Kubernetes cluster type:

OpenShift (ocp 4.11 rc6)

$ operator-sdk version

operator-sdk version: "v1.22.2", commit: "da3346113a8a75e11225f586482934000504a60f", kubernetes version: "1.24.1", go version: "go1.18.4", GOOS: "linux", GOARCH: "amd64"

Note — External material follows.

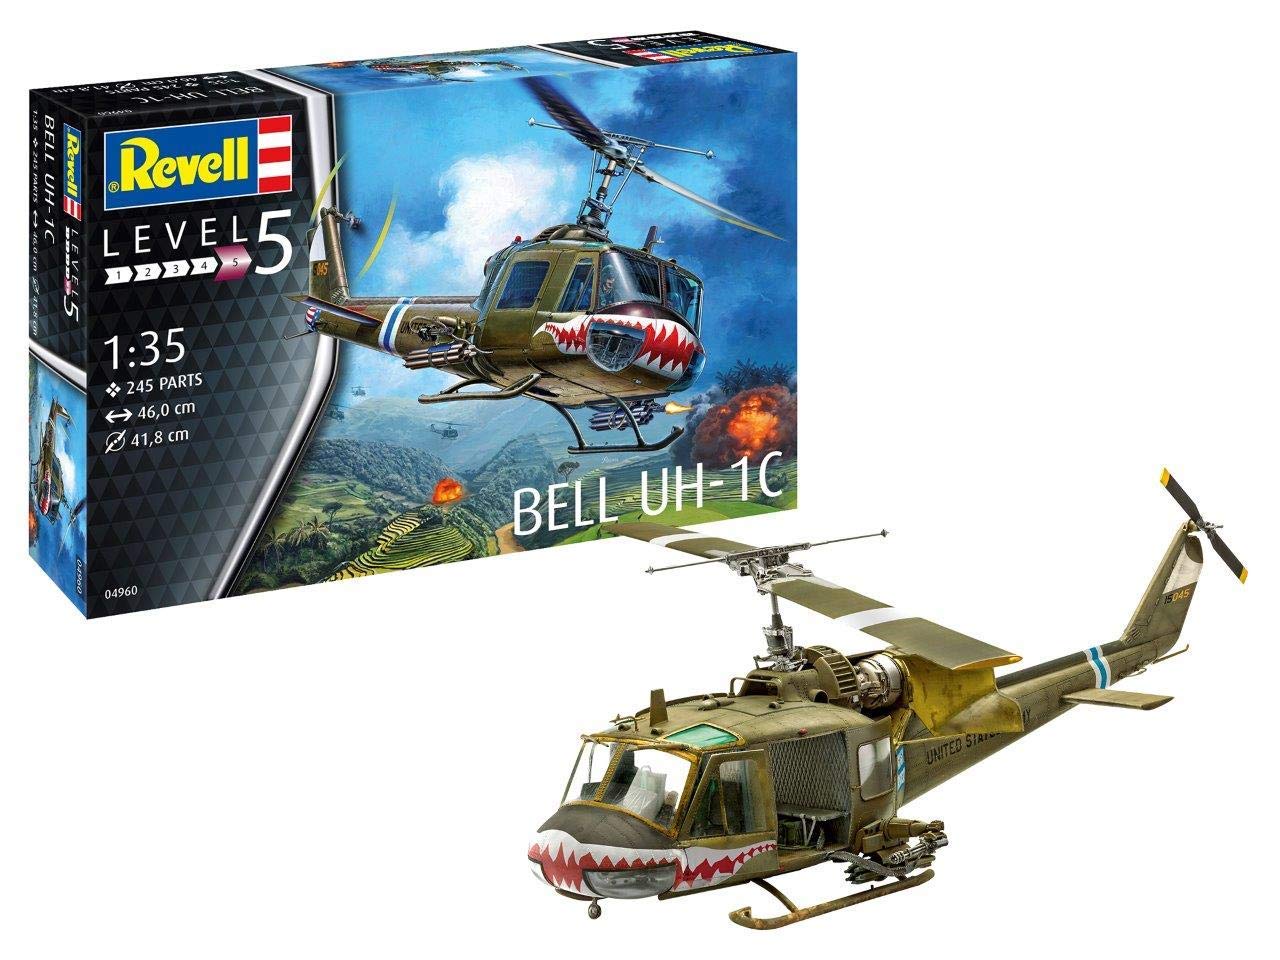 Revell Bell Model Kit Scale Model Kit Uh C Level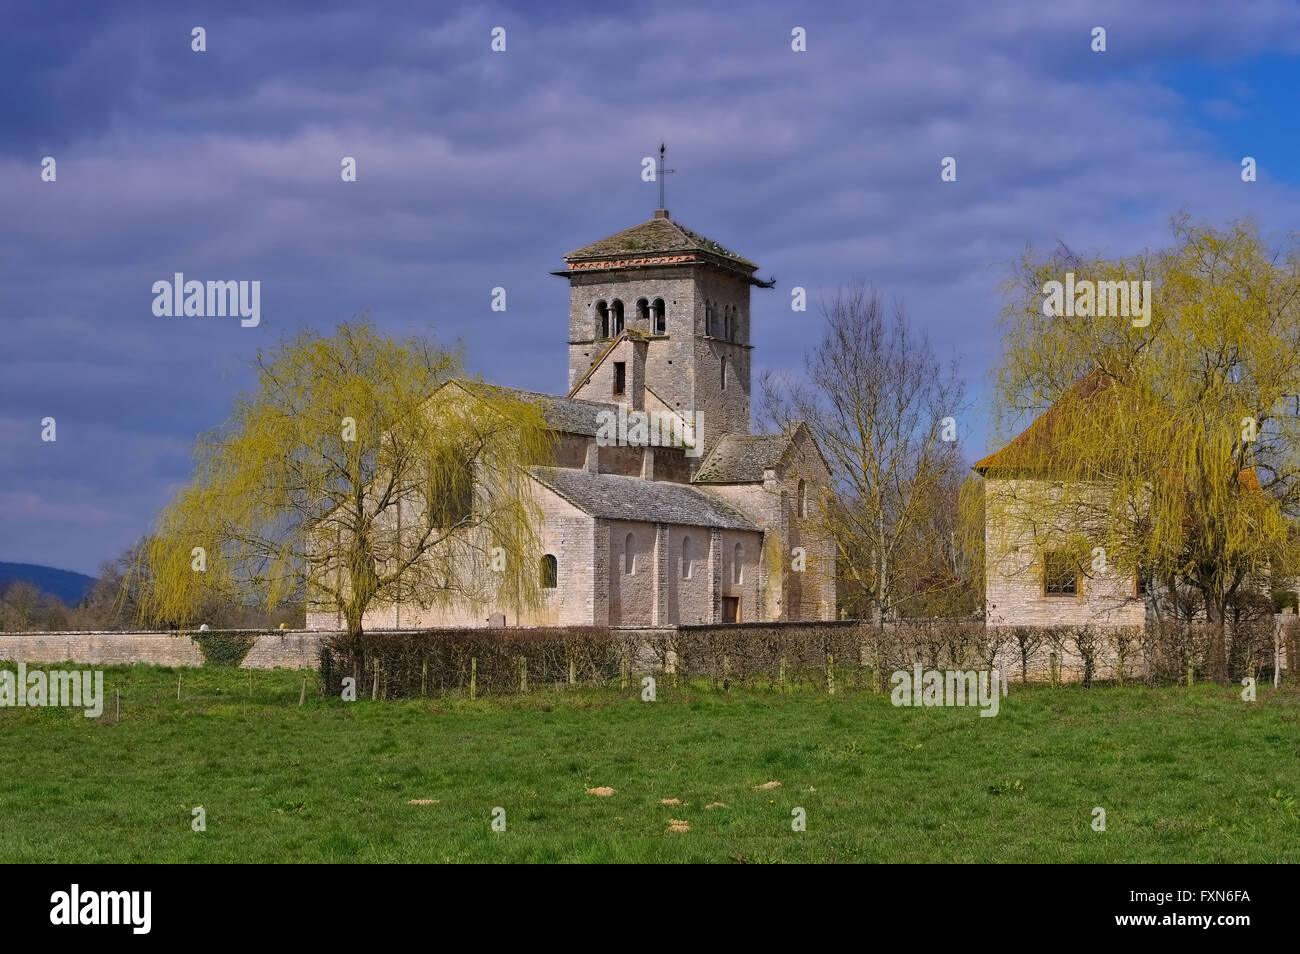 Romanische Kirche en malayo Burgund, Frankreich - románica iglesia malaya en Borgoña, Francia Foto de stock

$ go version (if language is Go)

go version go1.17.11 linux/amd64

$ kubectl version

Client Version: version.Info{Major:"1", Minor:"23", GitVersion:"v0.23.0", GitCommit:"6db43e22ecffd58dbd1cfb3b245967bde98f9a66", GitTreeState:"clean", BuildDate:"2022-03-14T13:42:44Z", GoVersion:"go1.17.5", Compiler:"gc", Platform:"linux/amd64"}
Server Version: version.Info{Major:"1", Minor:"24", GitVersion:"v1.24.0+9546431", GitCommit:"0a57f1f59bda75ea2cf13d9f3b4ac5d202134f2d", GitTreeState:"clean", BuildDate:"2022-07-08T19:55:26Z", GoVersion:"go1.18.1", Compiler:"gc", Platform:"linux/amd64"}

jotak avatar Aug 09 '22 11:08 jotak

PS: I saw this issue that could be similar: https://github.com/operator-framework/operator-sdk/issues/5773 , but since symptoms seem different, I opened a new one

jotak avatar Aug 09 '22 11:08 jotak

Found a workaround, inspired by https://github.com/operator-framework/operator-sdk/issues/5946 Using --index-image pointing to my operator-sdk cli version worked:

operator-sdk run bundle quay.io/netobserv/network-observability-operator-bundle:v0.1.3 --index-image quay.io/operator-framework/opm:v1.22

operator-sdk run bundle-upgrade quay.io/netobserv/network-observability-operator-bundle:v0.1.4

jotak avatar Aug 09 '22 11:08 jotak

@jotak here's the temporary workaround for this issue before we pin opm's version: https://github.com/operator-framework/operator-registry/issues/984#issuecomment-1175091401

Feel free to reopen this issue if you're still seeing issues with run bundle-upgrade.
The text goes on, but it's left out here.